> _PROBLEM TO WORK ON_: From the first line to the last, copy the material word for word; pictures stay out.

> _SUPPLIED DATA_:
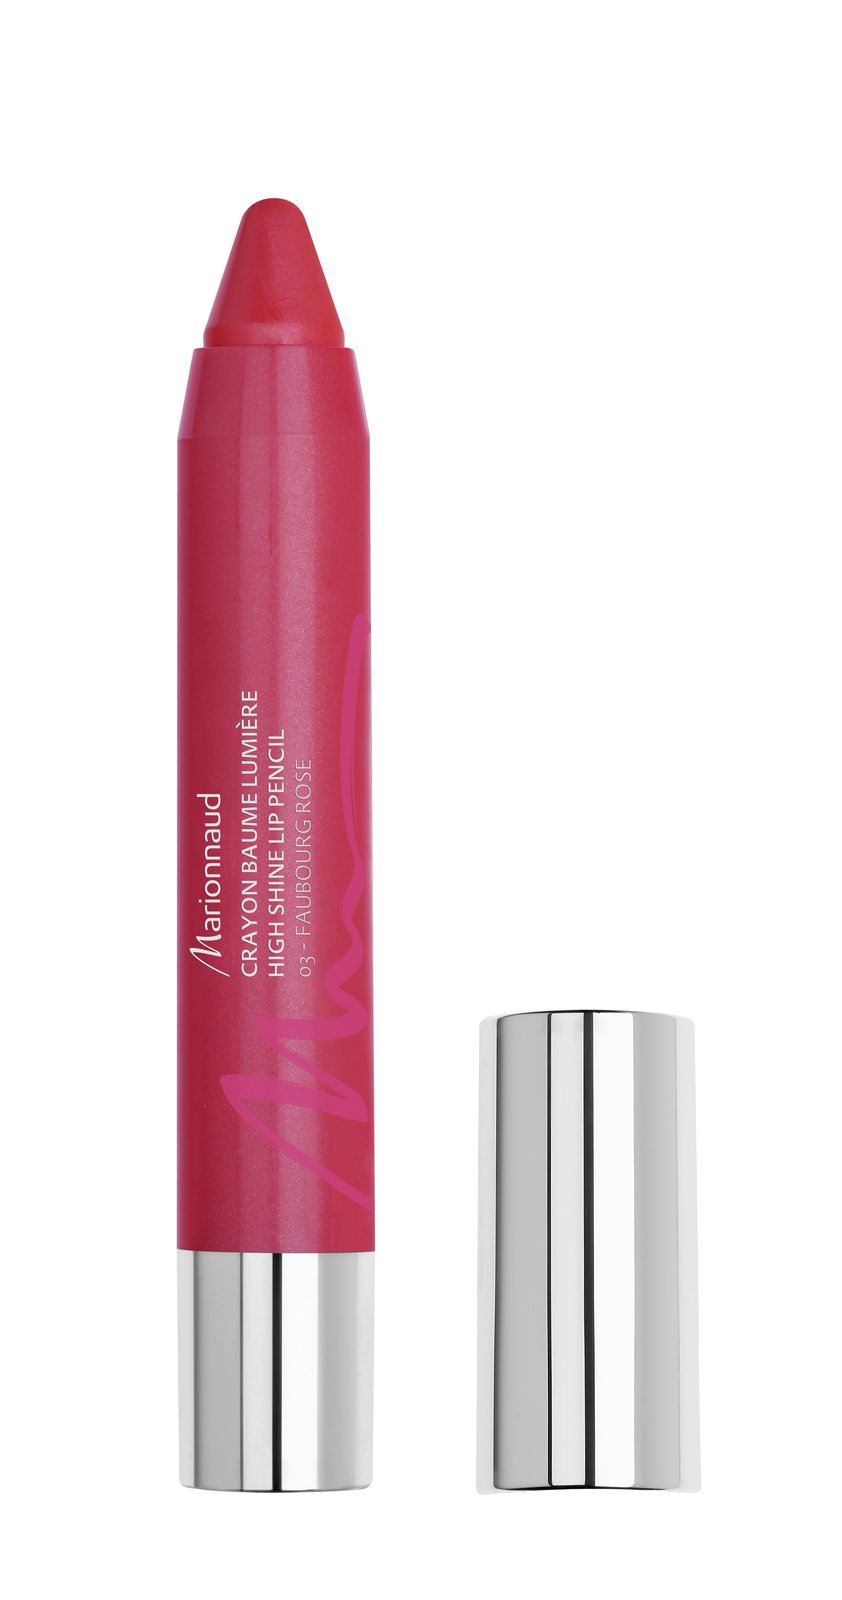 Marionnaud rtěnka High Shine Lip Pencil, 369 Kč, koupíte exkluzivně v parfumeriích Marrionaud
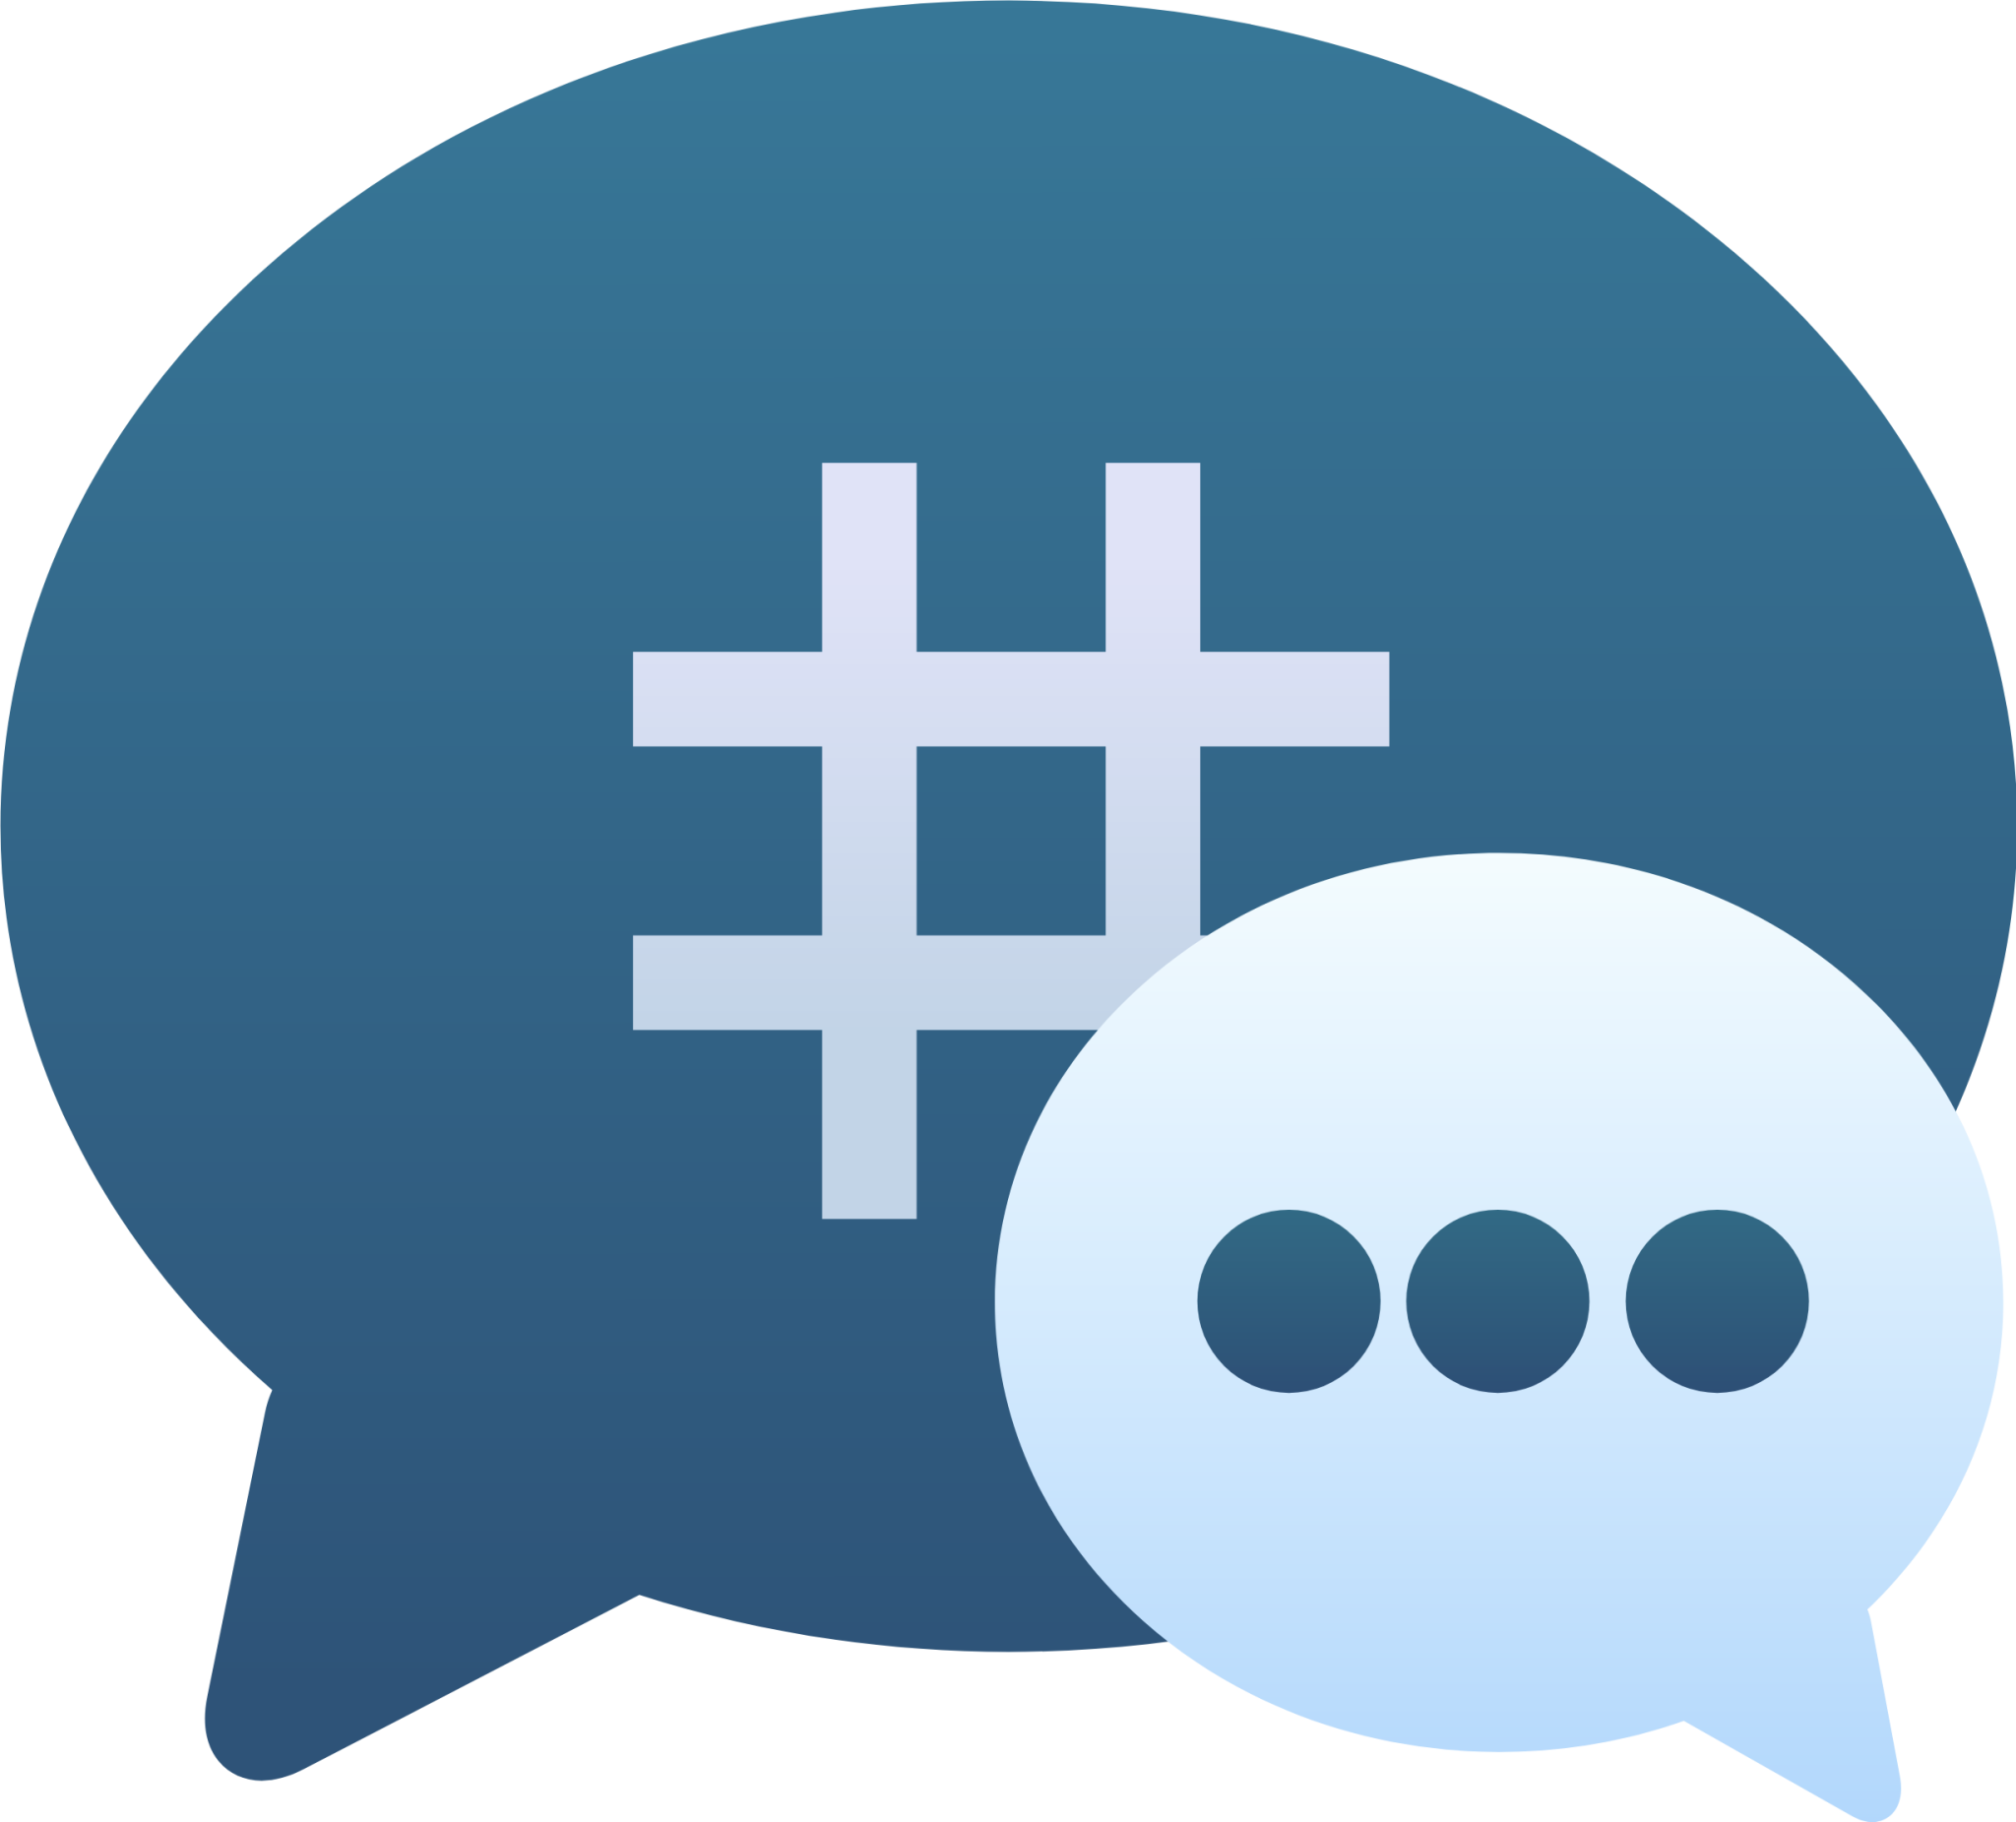 internet chat icon
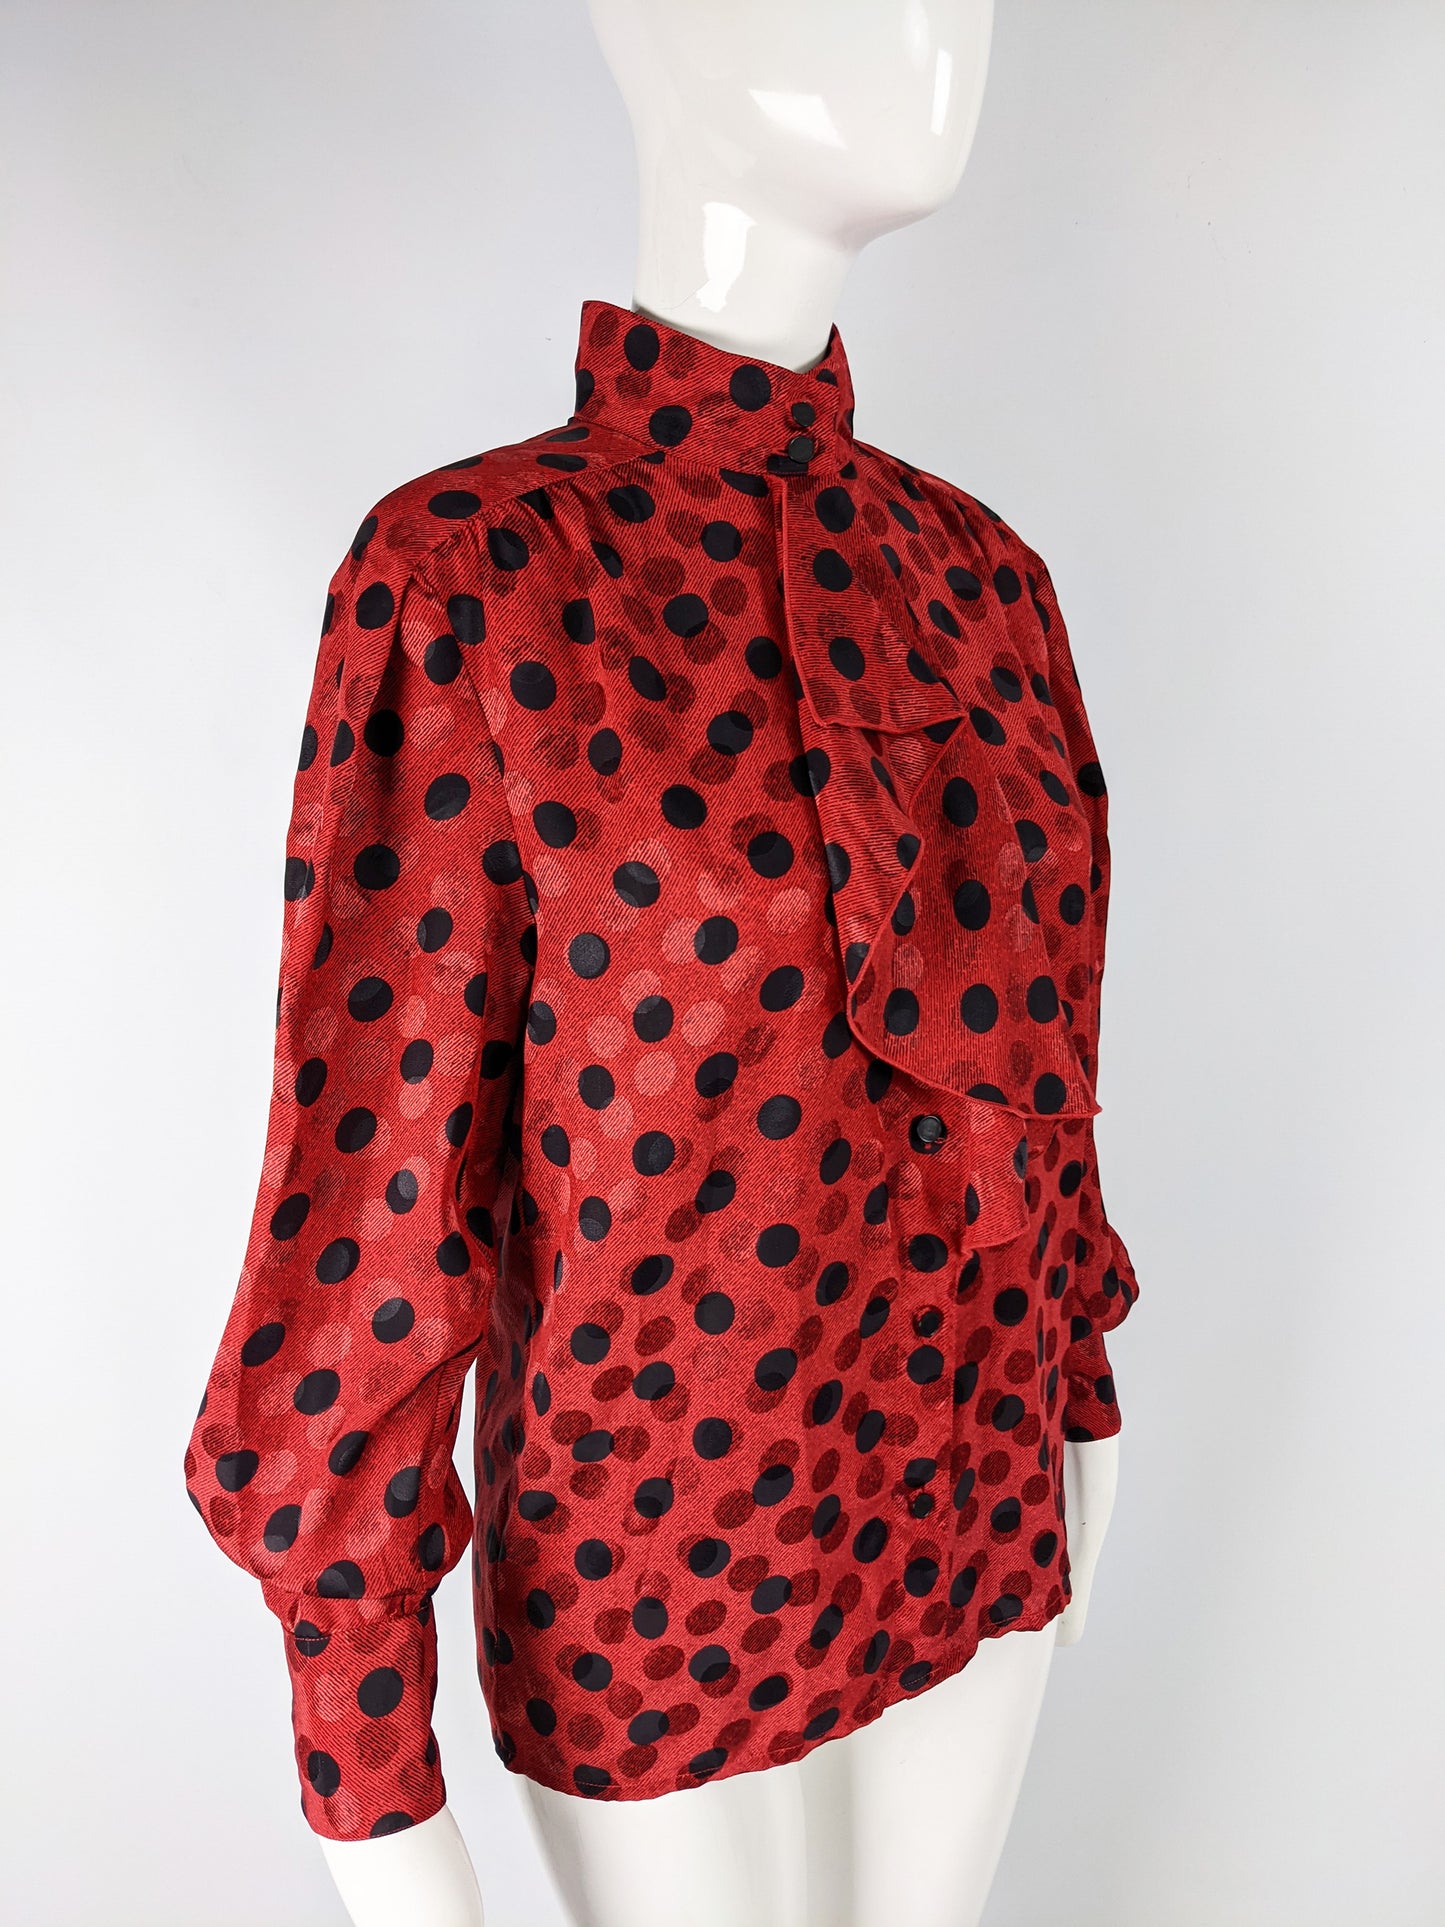 Vintage Red & Black Satin Jacquard Polka Dot Blouse, 1980s

> _SOLUTION TO THIS EXERCISE_:
 Marionnaud rtěnka High Shine Lip Pencil, 369 Kč, koupíte exkluzivně v parfumeriích Marrionaud
 internet chat icon
 Vintage Red & Black Satin Jacquard Polka Dot Blouse, 1980s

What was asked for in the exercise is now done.